The dollar touched the lowest in more than a week versus the euro before the Federal Reserve begins a two-day meeting amid bets it will maintain its quantitative easing bond purchases for the foreseeable future.
The greenback is set for its first monthly drop since January ahead of a U.S. report tomorrow forecast to show private employers added the fewest jobs in six months. The yen is set to complete a seventh monthly decline as an advance in Asian equities boosted demand for higher-yielding assets. New Zealand’s dollar slid versus its Australian counterpart after data showed home-building approvals in the smaller nation unexpectedly decreased last month.
“The dollar is being sold with weakening U.S. economic indicators and talk of prolonged quantitative easing,” said Yasuhiro Kaizaki, the vice president of global markets at Sumitomo Mitsui Trust Bank Ltd. in New York. “The Fed may become a little bit more cautious about its assessment on the economy.”
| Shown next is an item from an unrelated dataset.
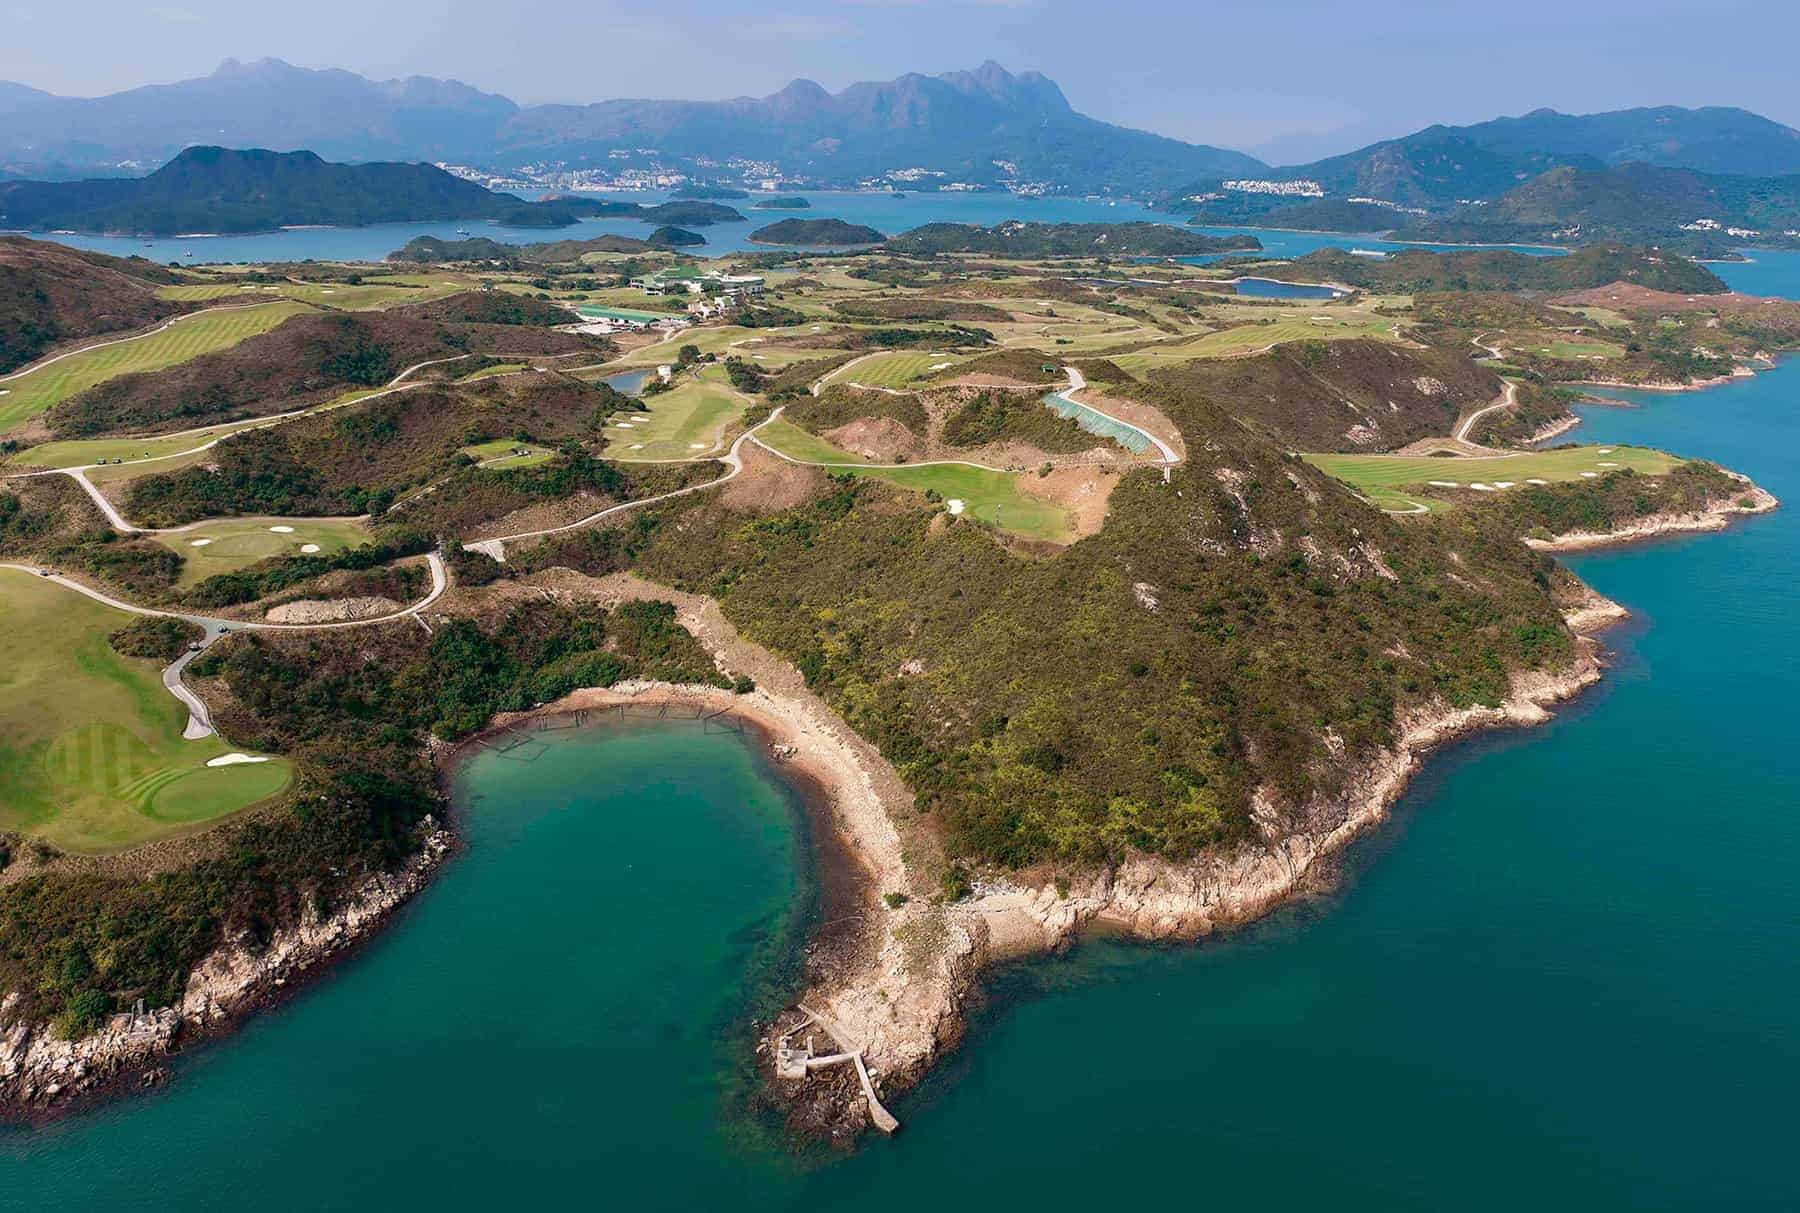 kai sau chou golf course Hong Kong

The greenback lost 0.1 percent to $1.3111 per euro as of 6:51 a.m. in London after touching $1.3121, the weakest since April 19. It has fallen 2.2 percent this month. The yen was little changed at 97.79 per U.S. currency, having dropped 3.8 percent since the end of March. It slid 0.1 percent to 128.18 per euro, set for a 5.8 percent decline in April.
The yen’s seven months of slides against the dollar will match the stretch that ended in March 2001 as the longest since a nine-month losing streak that was completed in January 1996.
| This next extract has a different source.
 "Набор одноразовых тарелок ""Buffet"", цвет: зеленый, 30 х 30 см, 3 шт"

The Fed is buying $85 billion of bonds each month in its third round of QE to put downward pressure on borrowing costs. While Chairman Ben S. Bernanke said after the previous meeting on March 20 that further labor-market gains were needed to consider reducing monetary easing, minutes showed officials discussed slowing the pace of buying.
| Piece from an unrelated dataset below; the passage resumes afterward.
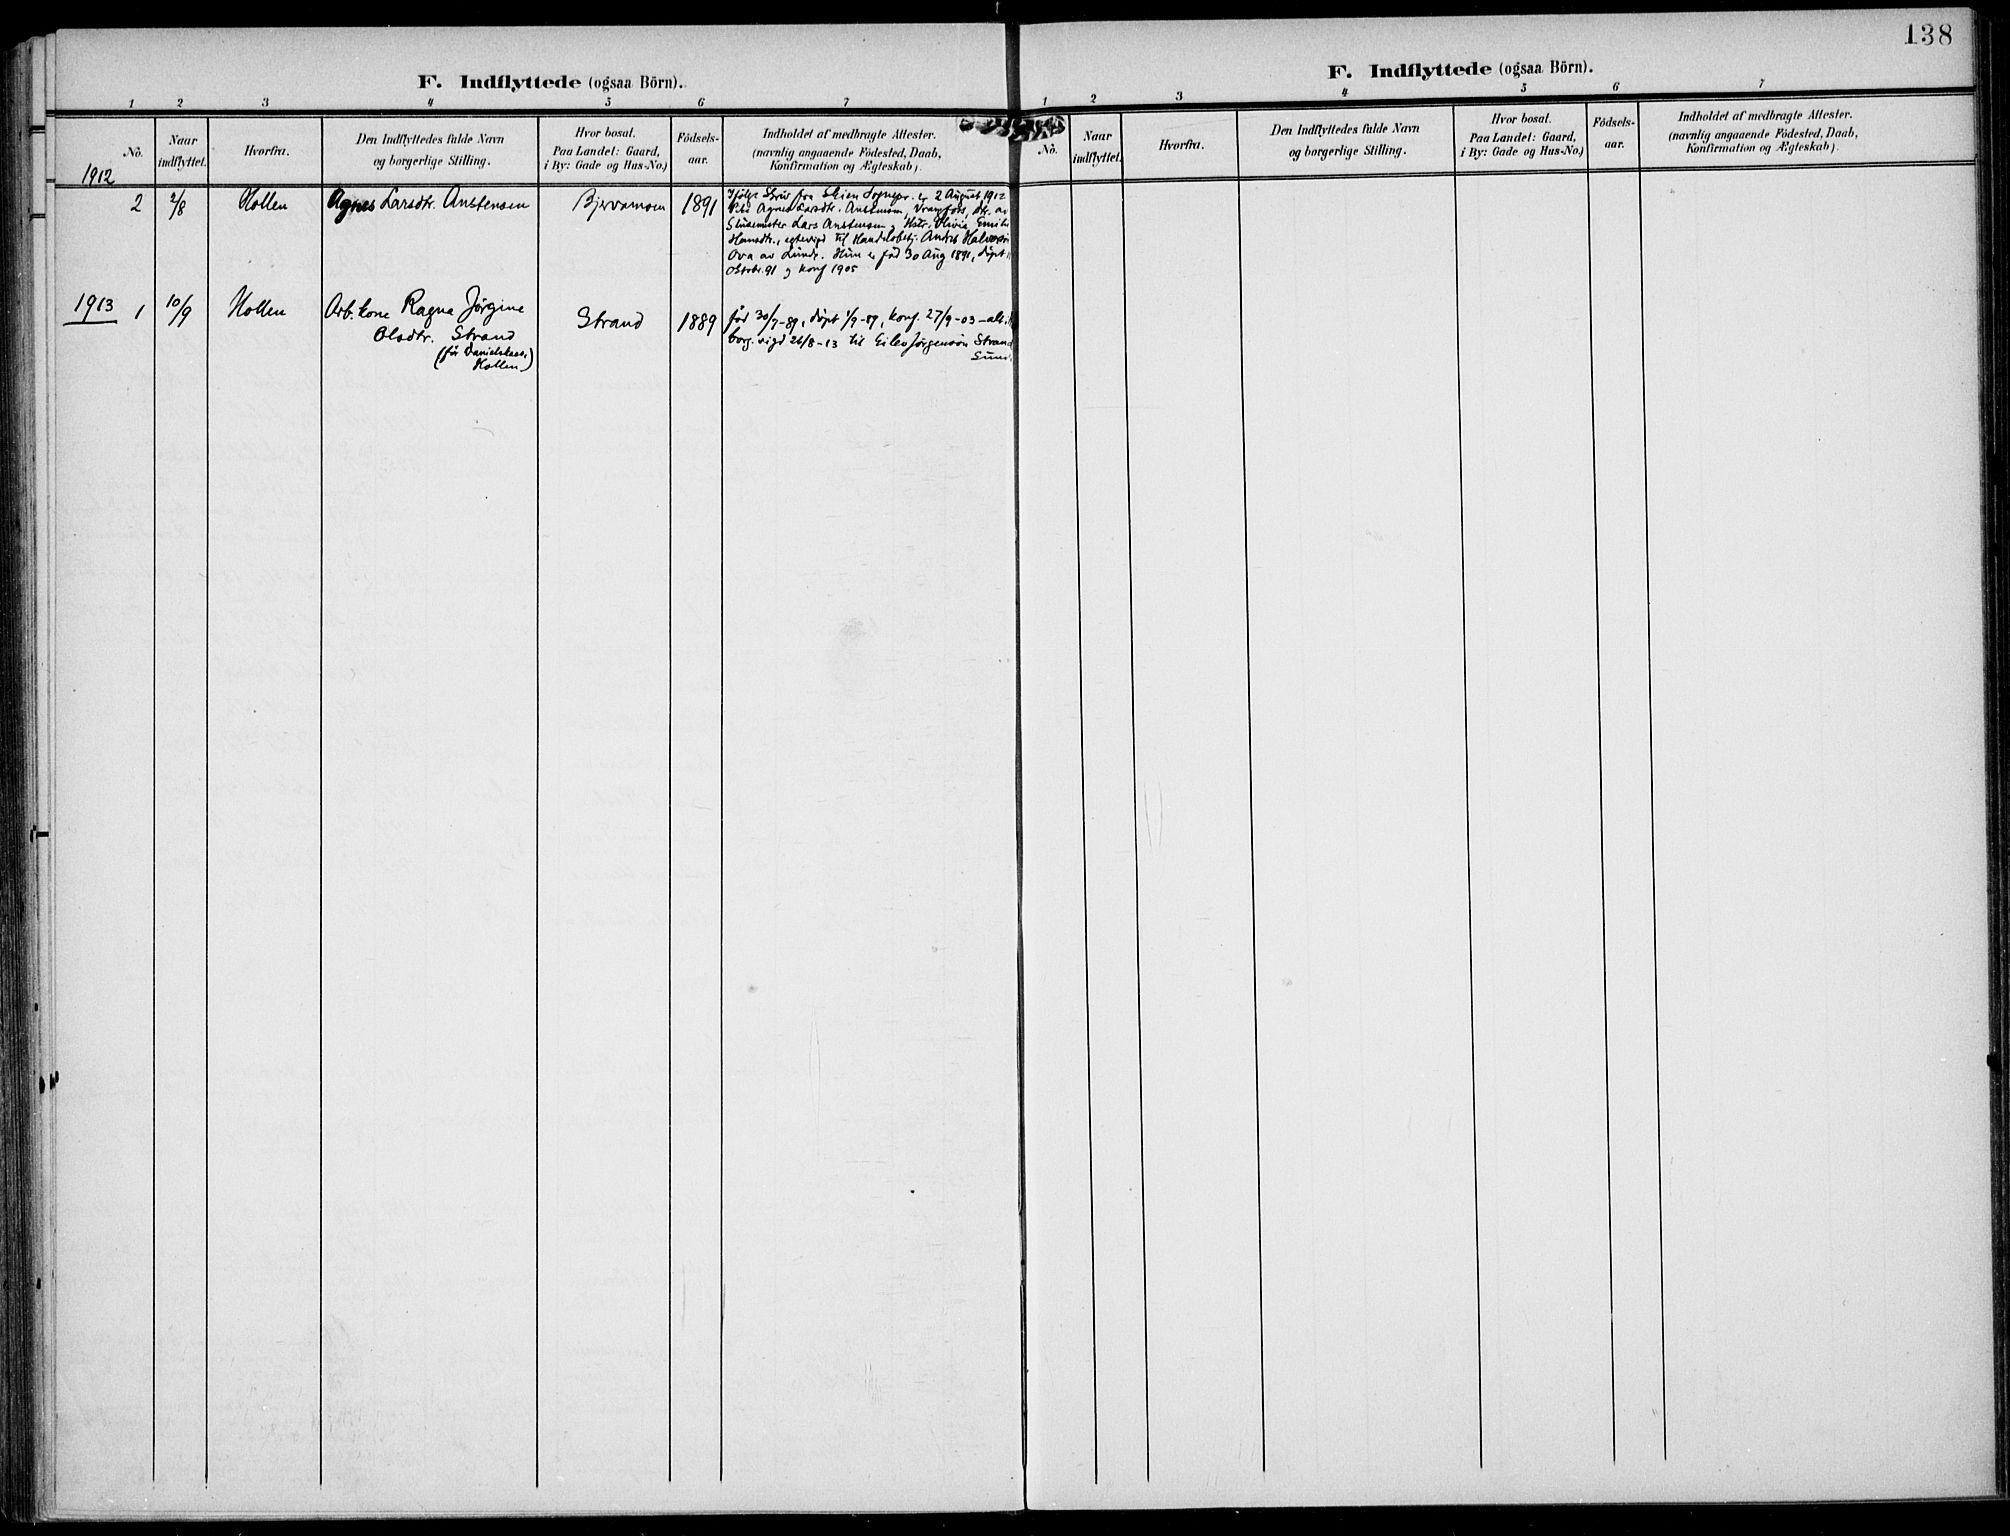 SAKO, Lunde kirkebøker, F/Fa/L0004: Ministerialbok nr. I 4, 1902-1913, s. 138

Private employment rose by 150,000 in April after gaining 158,000 the previous month, data from the Roseland, New Jersey- based ADP Research Institute will probably show tomorrow, according to the median estimate of economists surveyed by Bloomberg News. U.S. payrolls increased by 150,000 workers after an 88,000 gain in March, a separate survey forecasts before a May 3 Labor Department report.
So far this year, the dollar has climbed 0.6 percent versus the euro and 13 percent against the yen. The Asian nation’s currency has slumped 11 percent versus the euro, as unprecedented stimulus measures announced by the Bank of Japan on April 4 spurred investors to sell the yen.
Japanese industrial output grew less than estimated, bolstering the case for continued BOJ action. Data from the trade ministry today showed production climbed 0.2 percent in March, less than the median 0.4 percent forecast in a Bloomberg survey.
Demand for the yen was sapped as the MSCI Asia Pacific Index of stocks rose 0.9 percent.
“With very few risk-off catalysts, yen buying is unlikely to prevail in the market,” said Marito Ueda, the senior managing director at FX Prime Corp. (8711), a currency-margin company in Tokyo. “Yen weakness will stay here as a trend” amid the BOJ’s monetary easing, he said.
New Zealand’s currency, nicknamed the kiwi, slid against most major peers after the statistics bureau said home building approvals fell 9.1 percent in March compared with the median forecast for an increase of 2 percent.
The “unambiguously weaker-than-expected” data spurred selling of the New Zealand dollar versus Australia’s currency, said Mike Jones, a foreign-exchange strategist at Bank of New Zealand in Wellington.
The kiwi weakened 0.2 percent to NZ$1.2102 per Australian dollar and was little changed at 85.66 U.S. cents.